Moreover, a debate could now start over the wisdom of getting Rahul Dravid to open.

Dravid wasn’t the first to go ó actually, he would have been, had Phil Jaques not dropped him off Mitchell Johnson ó but took 41 deliveries to get off the mark and struggled during his stay of 66 balls.

The former captain seemed to be fighting demons where none existed and couldn’t profit even from a second reprieve, when a no ball saved him.

Surely, Dravid knew what he was getting into when he agreed to do a job he hadn’t done for almost two years.

Dravid fell for 5 but, by then, enough damage had been caused in the dressing room too. After all, if the most accomplished bat is at sea against Brett Lee and Johnson, then how much of a chance do lesser mortals have?
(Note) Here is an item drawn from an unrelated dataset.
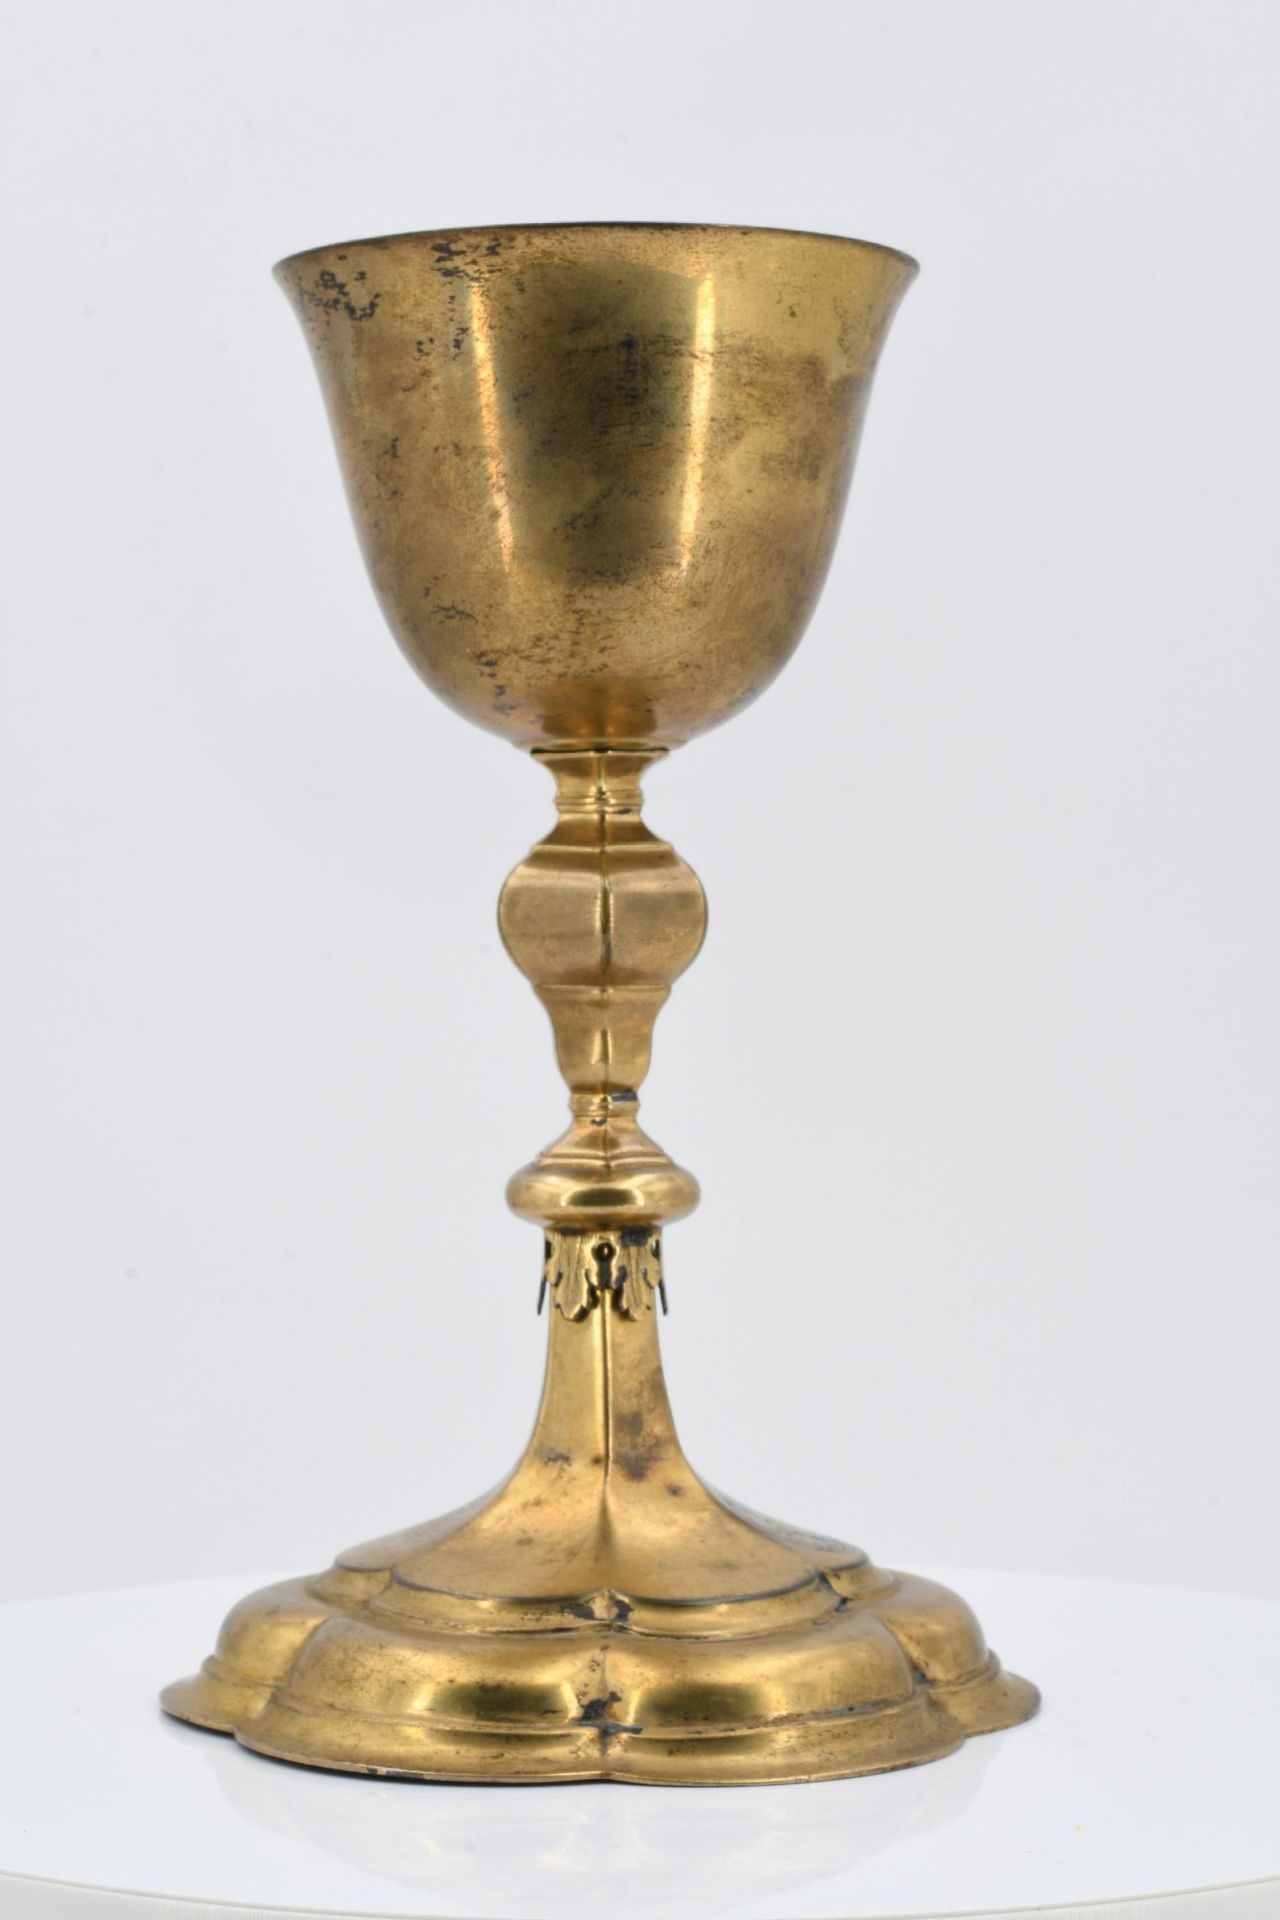 Chalice - Image 4 of 6

Lee (7-3-10-1) and Mitchell (7-5-3-0) were brilliant in their first spells, but the Indians had opened with a pair boasting solid technique and unflappable temperament.

Jaffer and Dravid, however, conceded too much ground far too easily. Instead of making a statement, which was the need of the pre-lunch session after Australia’s first innings ended, they made it a no-contest.
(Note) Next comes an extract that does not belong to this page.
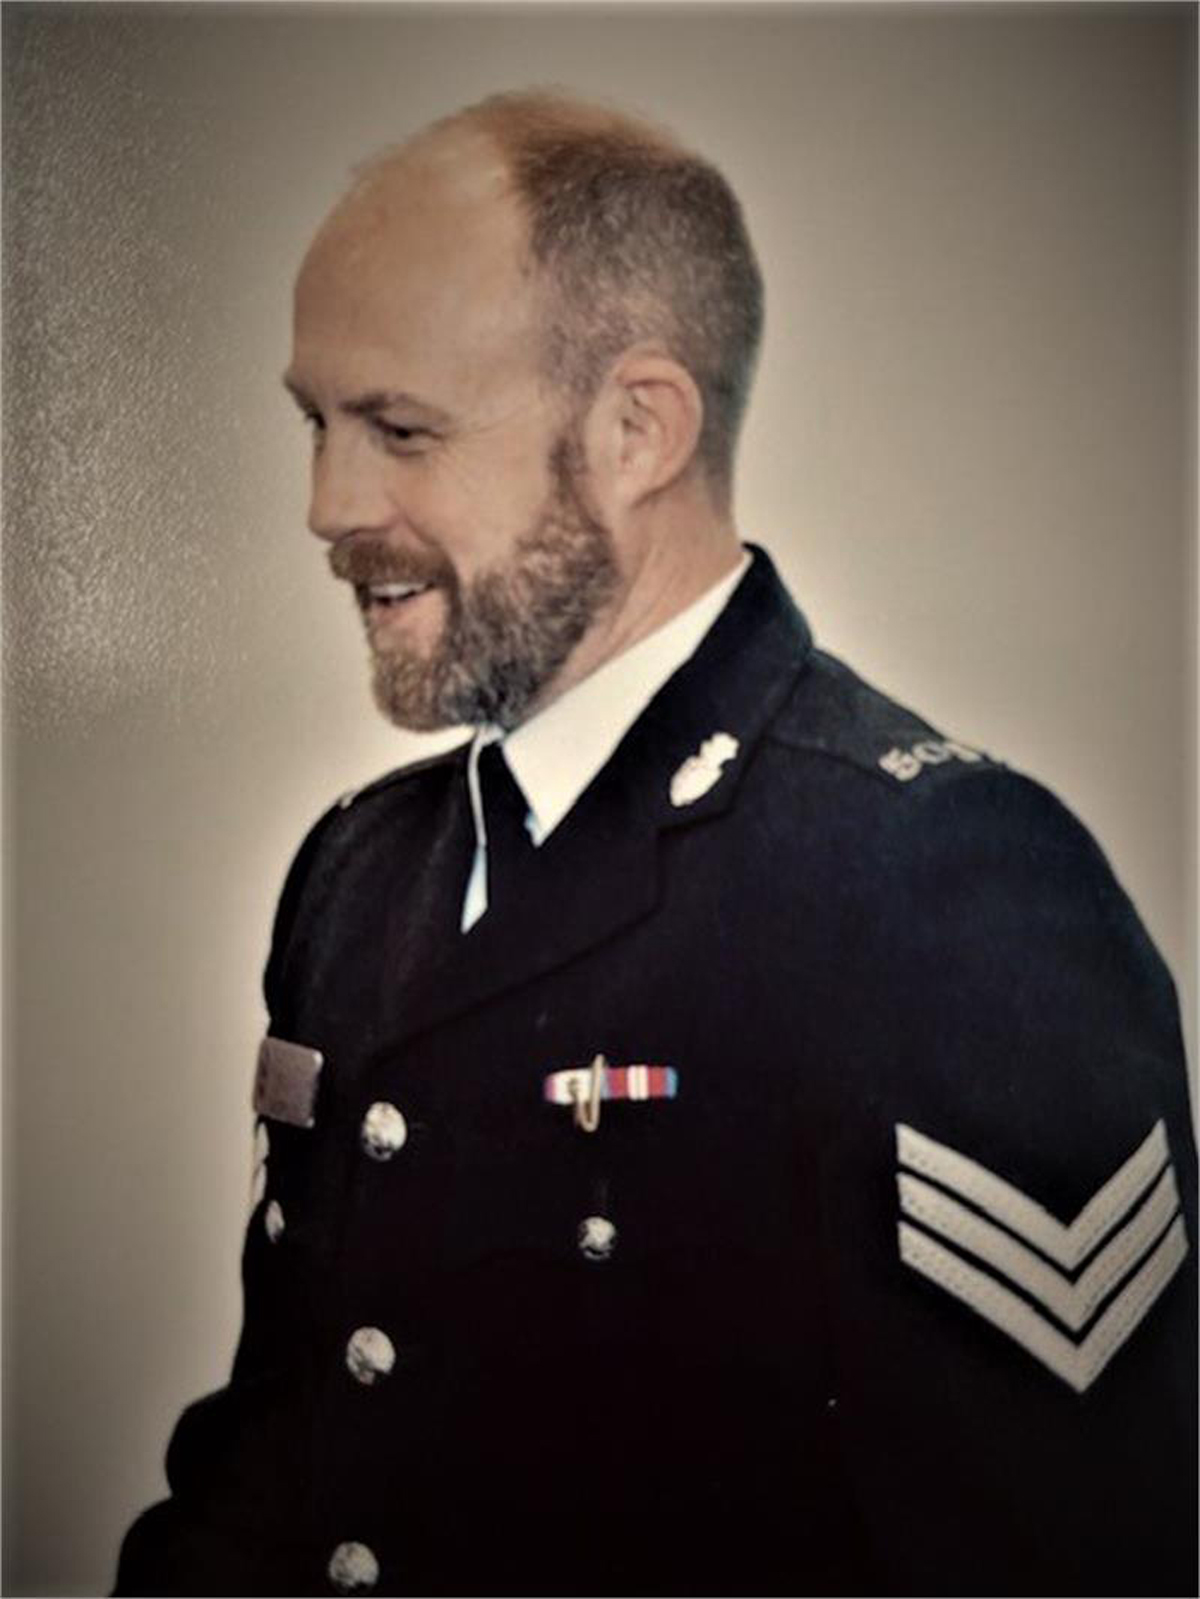 Sgt Alex Howden suffered a borken leg when he was run down by Damien Price at a supermarket car park in Exeter (Devon and Cornwall Police/PA).

Shockingly, both played into Ricky Ponting’s hands by not rotating the strike.

“I reckon the openers developed a mental block,” added Shastri, who made his debut at No.10 but gradually emerged as a top quality opener.

There would have been some relief over the move to promote Dravid had Yuvraj, whose selection changed the batting order, made runs. Well, he hadn’t scored when Bowden gave him out caught behind.

Besides Sachin, V.V.S. Laxman looked good for a while before falling to a brute of a delivery from Lee, and Sourav batted with authority till a Brad Hogg flipper did him in.

Sachin’s 62 came off 77 balls (7x4, 1x6), while Sourav took 79 deliveries for his 43 (1x4, 1x6).

While the Indians had an awful day, Lee and ’keeper Adam Gilchrist touched milestones. The quick (“I’m enjoying myself”) has now taken over 250 Test wickets. As for Gilchrist, with 395 dismissals, he’s currently on a par with compatriot Ian Healy.

The task, as they say, couldn’t be more clear cut for Kumble and Co. Sachin has vowed that the team will fight, but that must quickly translate into wickets.

Otherwise it won’t be a happy end to a year which has seen quite a few successes.